Cannot Load MaxMind GeoIP2-ISP.mmdb

Elastic Stack Elasticsearch
1

Hello,

We use multiple GeoIP databases. We're using GeoIP2-City to get location information, and GeoIP-ISP to get as.number and as.organization.name. However, I cannot load the provided MaxMind GeoIP2-ISP.mmdb.

{
  "description": "Adds geoip info for ECS documents",
  "processors": [
    {
      "geoip": {
        "database_file": "GeoIP2-City.mmdb",
        "field": "client.ip",
        "ignore_missing": true,
        "target_field": "client.geo"
      }
    },
    {
      "geoip": {
        "database_file": "GeoIP2-ISP.mmdb",
        "field": "client.ip",
        "ignore_missing": true,
        "target_field": "client.as"
      }
    }
  }

Results in:

{
  "error" : {
    "root_cause" : [
      {
        "type" : "parse_exception",
        "reason" : "[database_file] Unsupported database type [GeoIP2-ISP]",
        "property_name" : "database_file",
        "processor_type" : "geoip",
    ...

The docs mention being able to use multiple database files for this information. The old GeoIP-ASN was replaced with GeoIP2-ISP, so this should be supported. Is there a way to get past this. I've found 2 other discussions asking this question on this forum with no answer. Maybe, the third time is a charm and someone familiar with the product has the magic incantation.

2

Crickets? Anyone from Elastic able to comment? Would love to get ASN processing working with ingest-geoip.

3

Curious... I looked a bit where does it say in the elastic docs that GeoIP2-ISP is supported (not saying we don't I just don't see it in our docs).

From the MaxMind site the format of the ISP database is different than the ASN database.

And the docs appear to say

You can also use custom city, country, and ASN .mmdb files. These files must be uncompressed and use the respective -City.mmdb , -Country.mmdb , or -ASN.mmdb extensions.

I am trying to check, but I am thinking that is not supported at the moment, because it is not actually a GEOIP lookup, i.e. it does not contain a lat / lon which is expected (i.e. the GEO portion of the equation) it just has ISP / ASN info so perhaps it is more of a standard enrich lookup.

If I get a chance I will look.

Update.. interesting yes ASN contains no geo data... I will look more, it could be it is simply a different format / set of columns.

Update 2 : Looks like a flat out feature request, not currently supported.

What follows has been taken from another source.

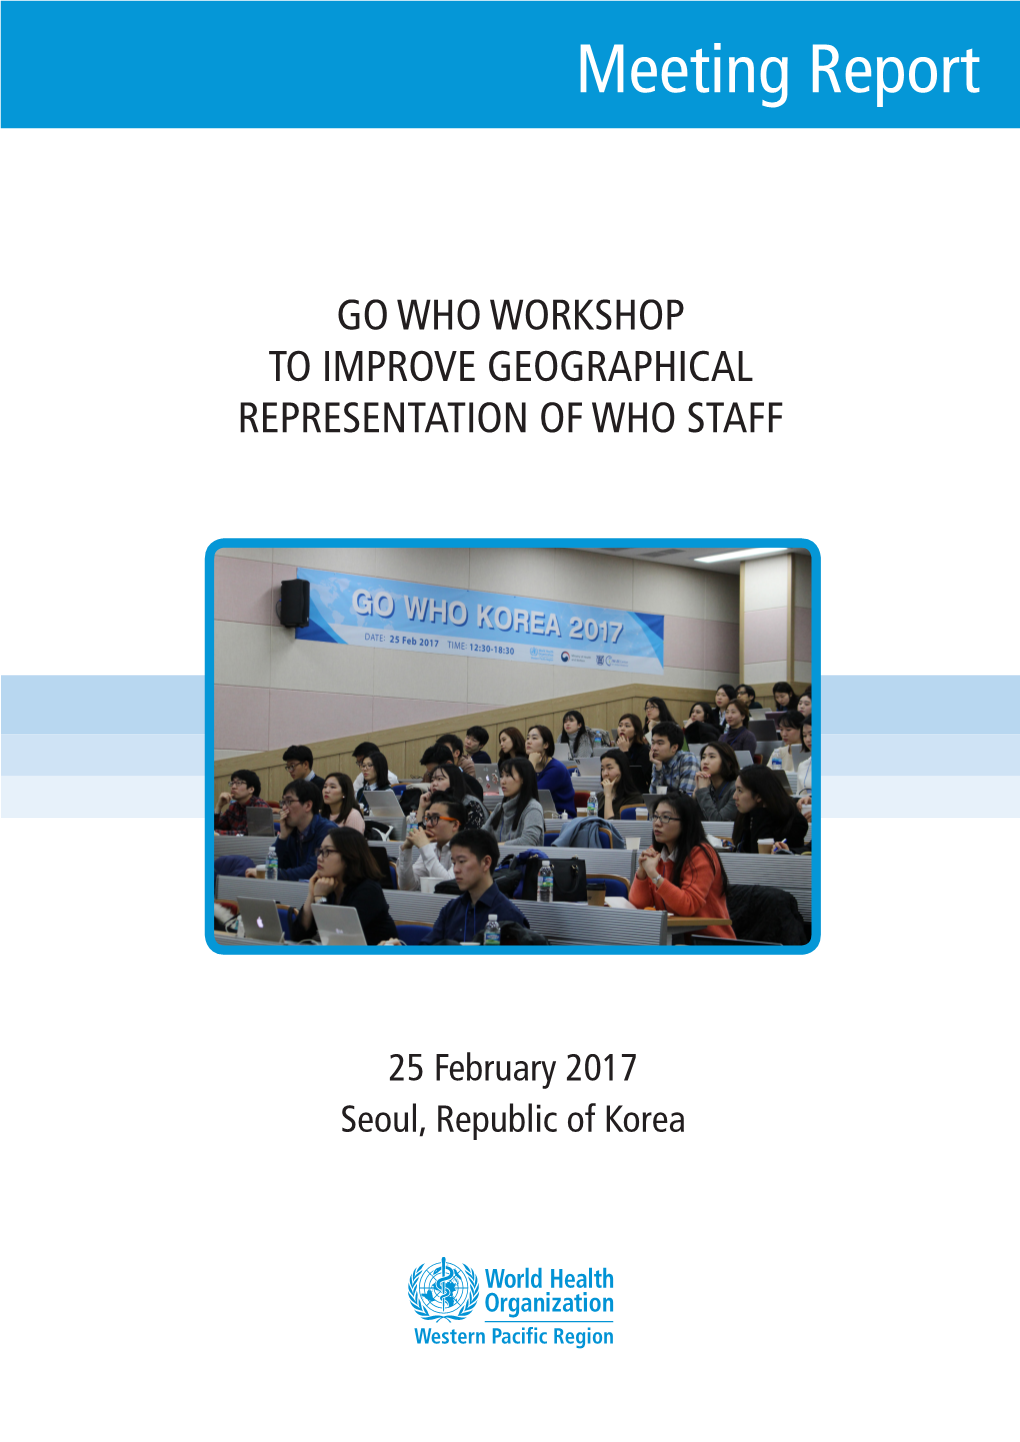 25 February 2017 Seoul, Republic of Korea GO WHO Workshop to Improve Geographical Representation of WHO Staff 25 February 2017 Seoul, Republic of Korea

Looks like it is supported with Logastash Here

The path to MaxMind’s database file that Logstash should use. The default database is GeoLite2-City. GeoLite2-City, GeoLite2-Country, GeoLite2-ASN are the free databases from MaxMind that are supported. GeoIP2-City, GeoIP2-ISP, GeoIP2-Country are the commercial databases from MaxMind that are supported.

4

https://www.elastic.co/guide/en/elasticsearch/reference/7.16/geoip-processor.html#using-ingest-geoip

The "GeoLite2-ASN.mmdb" is listed, but there is no paid -ASN.mmdb, the -ISP.mmdb is the paid version with this data.

See: https://www.maxmind.com/en/geoip2-databases

Notice there's no ASN DB.

5

I purchased a GeoIP2-ISP.mmdb and tried, it is not currently supported (AFAICT) I also tried to build a direct enrich processor from the ISP CSV but that did not work because of the IP range search is not supported (that would have been a good workaround)

You can use Logstash see here

I opened a feature Request Here. Please add to it as you see fit

6

Awesome! Thanks!

7

You should add your comments to the feature request, actual users / customer can help otherwise it is just me.

8

This topic was automatically closed 28 days after the last reply. New replies are no longer allowed.